PC: Is this the interview? Have I been duped? I'll talk about anything but rectal boils.
Stylus: How did you get sucked into H.O.F.?
PC: Tom and I got loaded at the northeast Grumpy's one night. I sang, and he realized that I had a song in my heart. It was kinda like some “American Idol”-type shit. He heard my pipes. He was wearing these sunglasses and smoking a big cigar and he said "I'll make you a star,' and I said 'let's do it.' I didn't even know I was in Halo of Flies until Tom showed me the mock-up for the first 7" cover. Up until that point, I thought the name of the band was Tom Thinks Paddy Wears Big Pink Panties, which I was totally copacetic with.
Stylus: What are you working on tonight?
PC: We're gonna do a split 7" with Billy Childish's new band, so we wrote a song about how much we hate the British. (Note: Hazelmyer and Childish are dear old friends, to the extent that the former picks up canned herbal tea—which he calls "hippie supplies"—for the latter at Whole Foods and ships it to England. Still, you can rest assured Costello isn't kidding.)
Stylus: What do you like best about Tom?
PC: How he never lets on what he's planning…or what he's done. He can be standing next to some chowderhead in a white baseball cap on backwards at a bar, and the guy'll be talking about how Meantime is his favorite album, and Tom won't say shit.
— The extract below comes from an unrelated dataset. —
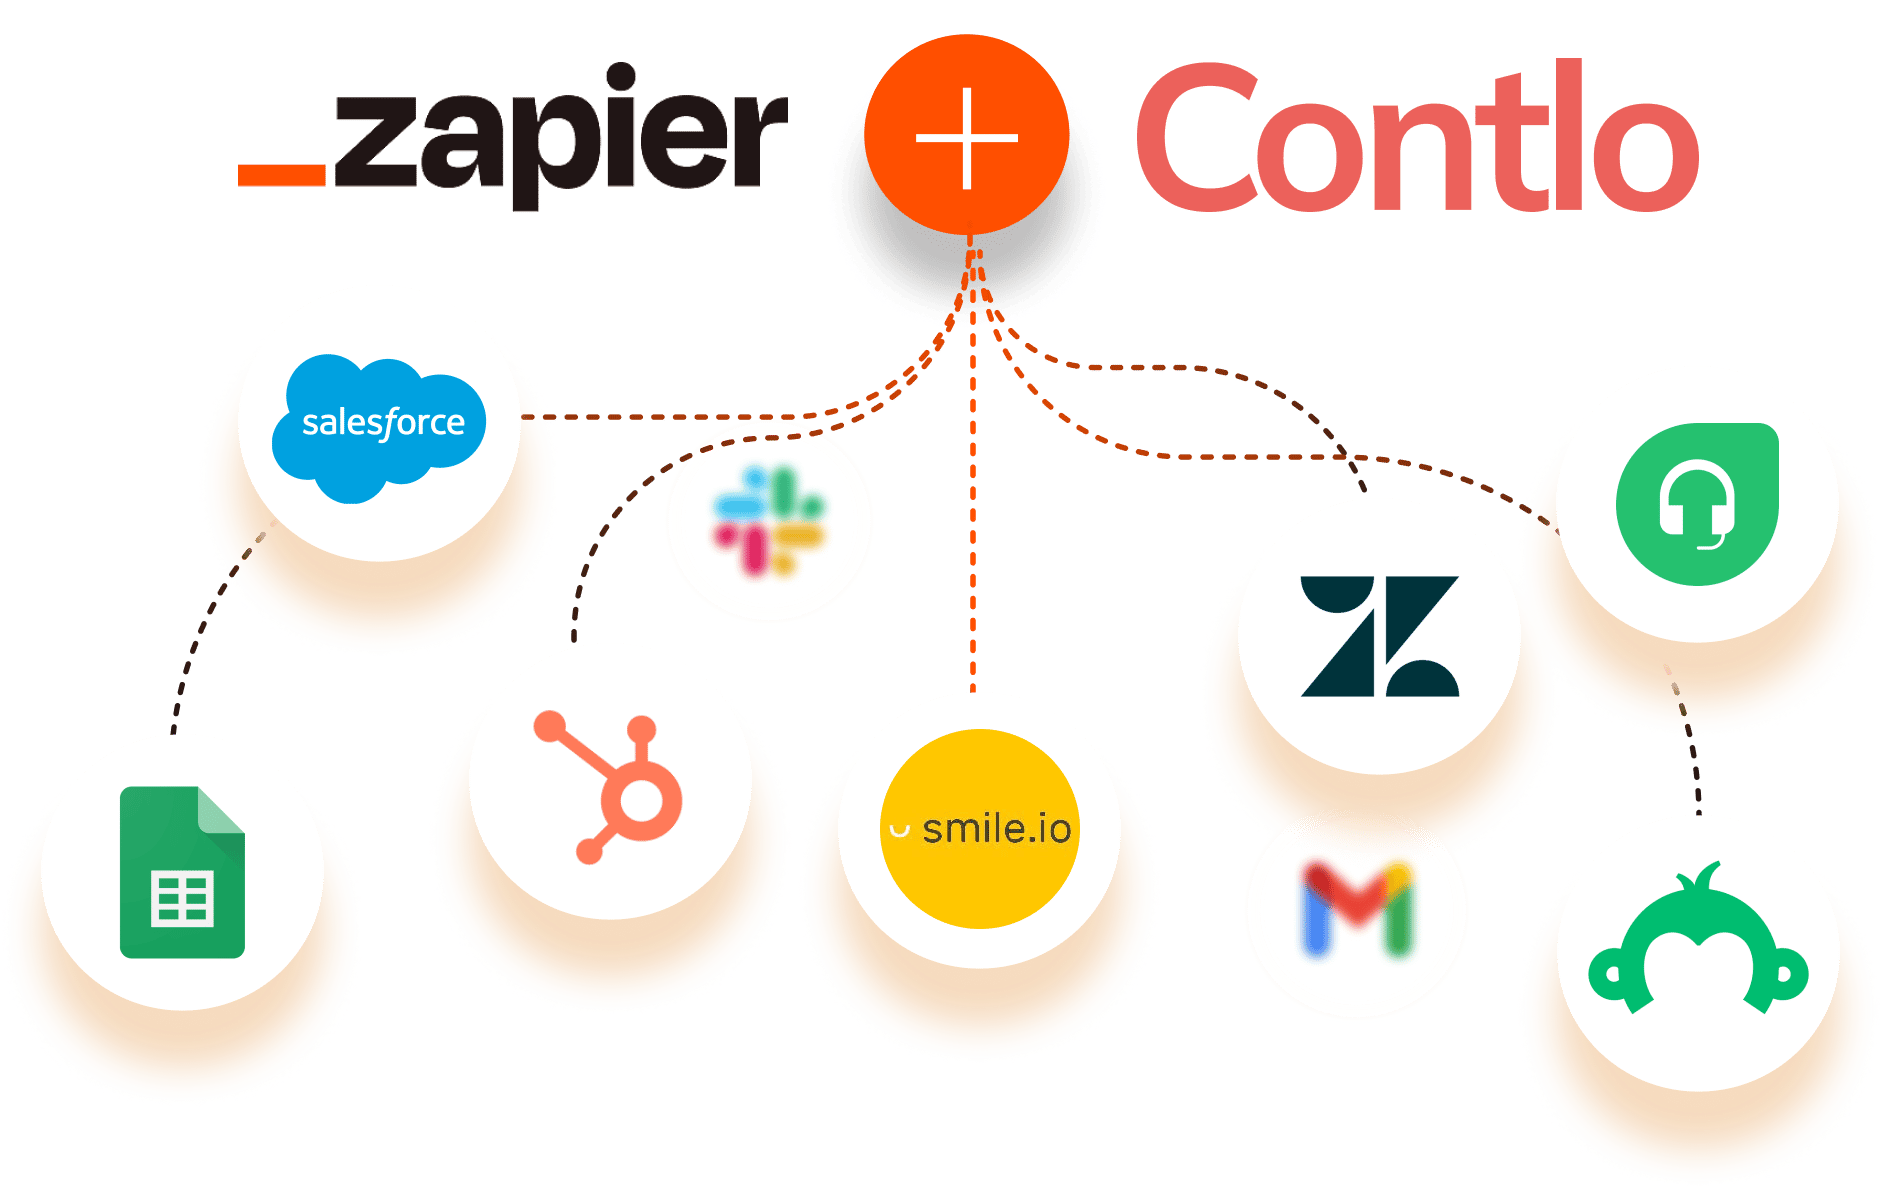 Introducing Contlo + Zapier integration ????
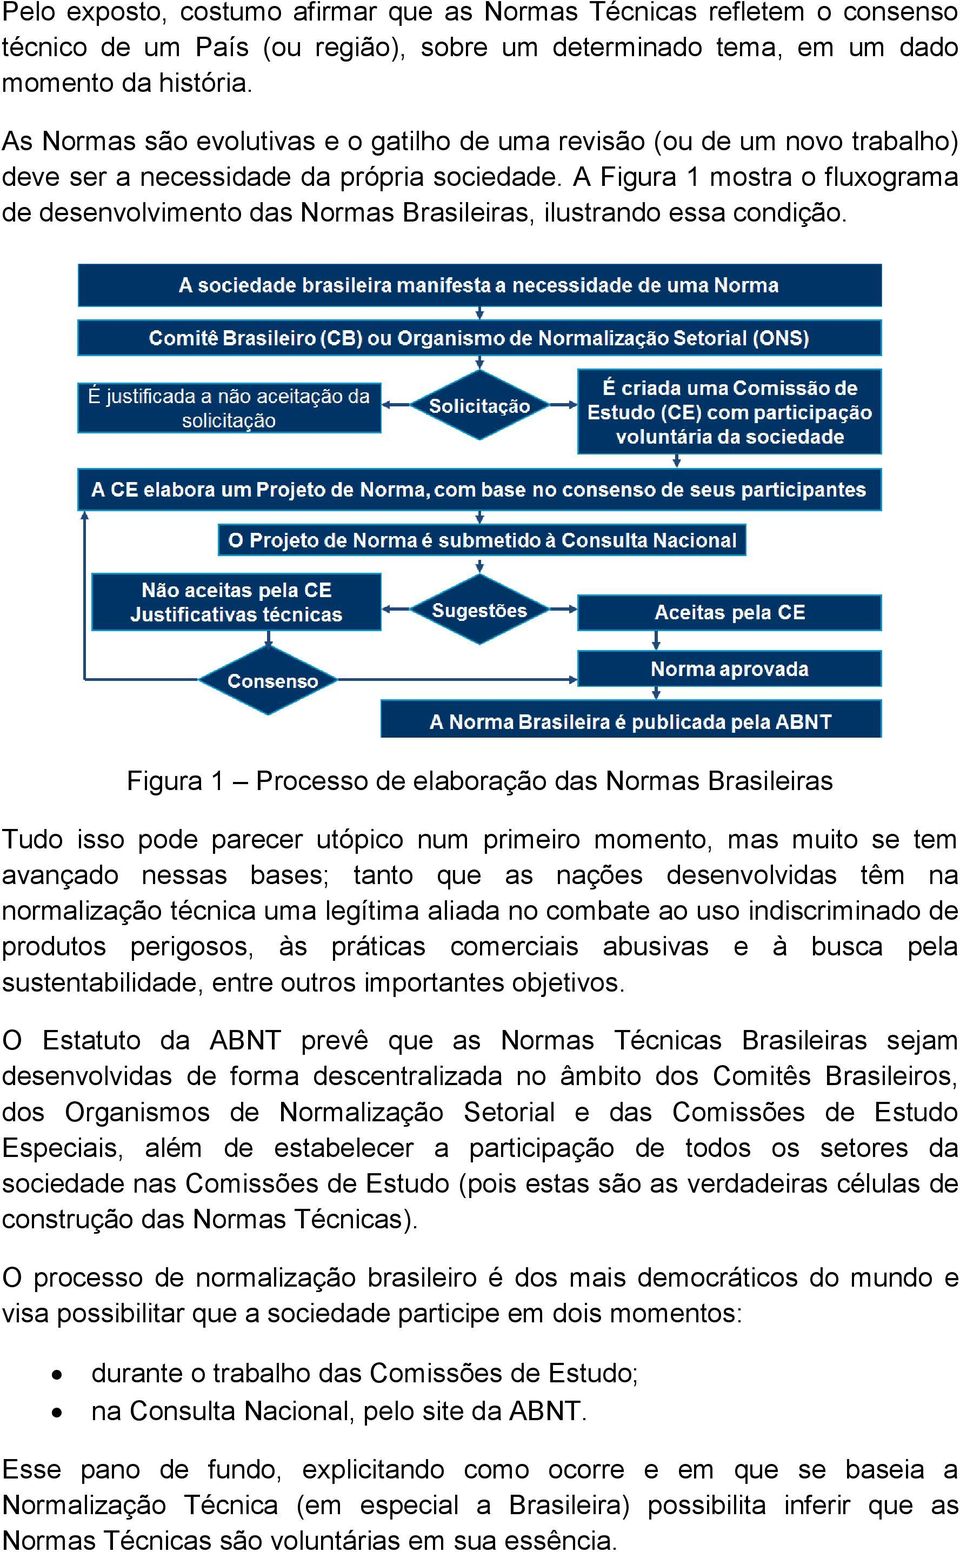 A Figura 1 mostra o fluxograma de desenvolvimento das Normas Brasileiras, ilustrando essa condição.

While Costello is 90% on the mark. Hazelmyer does let a little something about the future out now and then. He had Dalek have already taken A Purge of Dissidents on the road a little, with showings at Galleries Magda Danysz in Paris and Jonathan Levine Gallery in New York, and plan to do more gallery shows. In the, um, meantime, the video will be providing support on the Melvins' fall tour, with Hazelmyer along to take care of the screenings. The label? Who knows? He's having fun with it now, and as he says "I've learned never to say 'never' to anything." Meanwhile, Davis wonders when he's going to start painting again. Painting?